Presentation: Tweet"KEYNOTE: A Monadic Model for Big Data"
Since its inception in 1970, Codd's relational model has fueled a multi-billion dollar industry that after 40 years still experiences double digit growth. Because the relational database and SQL are based on strong mathematical foundations of sets and relations, complementary producers such as educators, tool vendors, consultants, etc., can all target the same underlying conceptual model, creating a strong ecosystem of users and domain experts.
If we look at the relational model through our developer eyes, we notice that the relational algebra is one particular implementation of a more general interface, an interface that mathematicians call monads. By generalizing from relations to arbitrary monads, we are able to query many different kinds of data using a single query language, in particular we can formulate queries over data of any size, finite or infinite. Similarly, when we use another programmer’s trick to swap around fk/pk relationships between flat rows into pointers between nested structures, we can query both relational and pointer-based data, which includes documents, graphs, using a single monadic algebra of query operators. Lastly, by leveraging the mathematical trick of duality, we can implement our monadic interface over both push- as well as pull-based data.

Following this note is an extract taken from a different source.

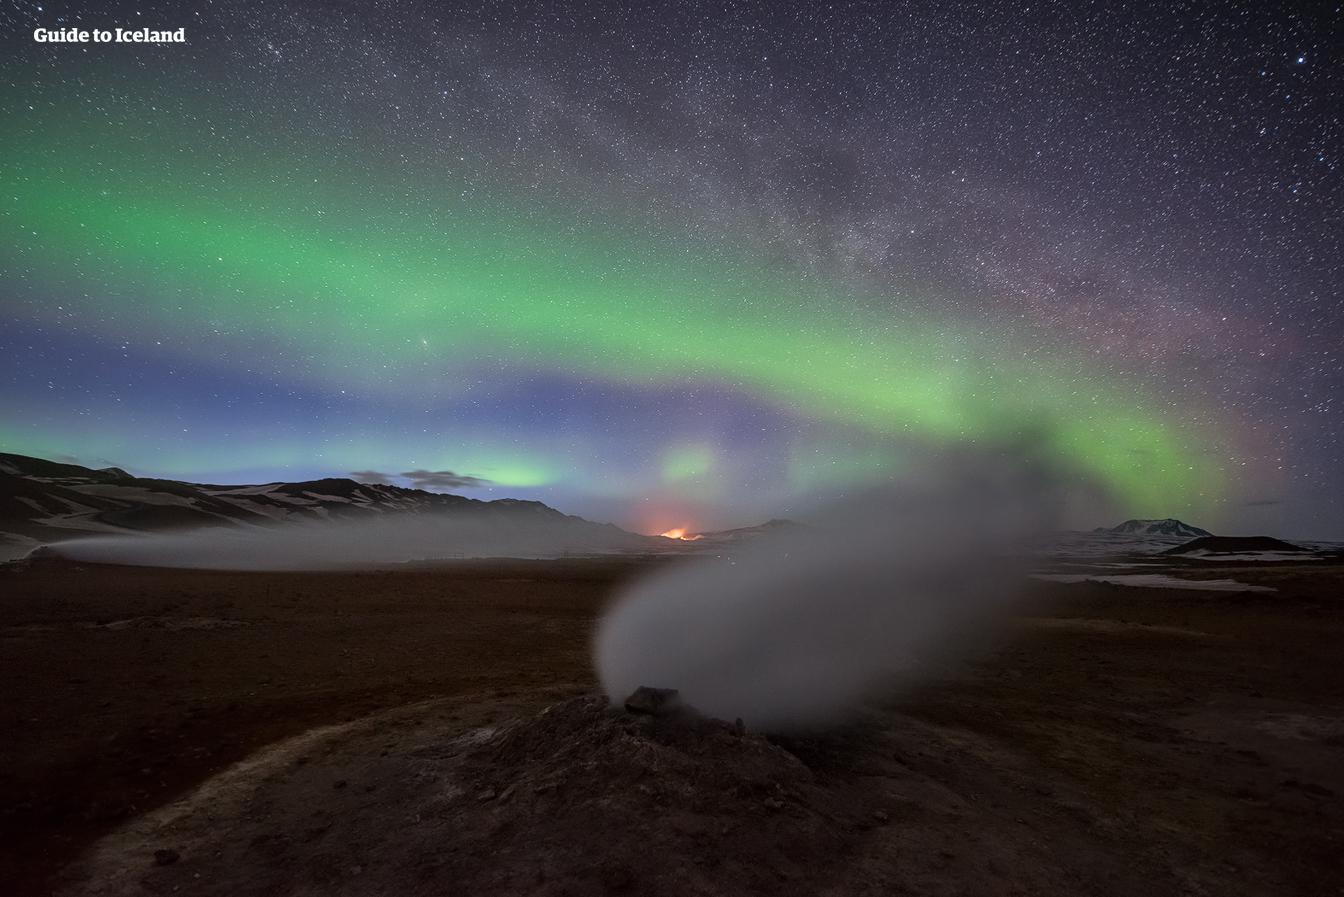 13 dni, samodzielna podróż   Zimowa wycieczka dookoła Islandii i Snaefellsnes - day 4

By generalizing from sets and relations to monads we have created a three-dimensional design space for data spanned by the dimensions of Volume, Variety, and Velocity, together with a set of monadic standard query operators. Looking at data in the context of this “cube” we can categorize many data sources according to these three elementary dimensions. For example, a mouse is a database whose (a) volume is infinite, (b) whose variety is flat, and (c) whose velocity is push, or the typical document database is (a) finite, (b) nested, and (c) pull-based, etc. In other words, monads provide a mathematical and practical basis for what the industry nowadays calls “big data”.
In this talk we will explain how any programmer could have invented this unified model of big data herself, and perhaps even more importantly, how any modern programming language allows you to use these principles to simplify your day to day data programmability problems.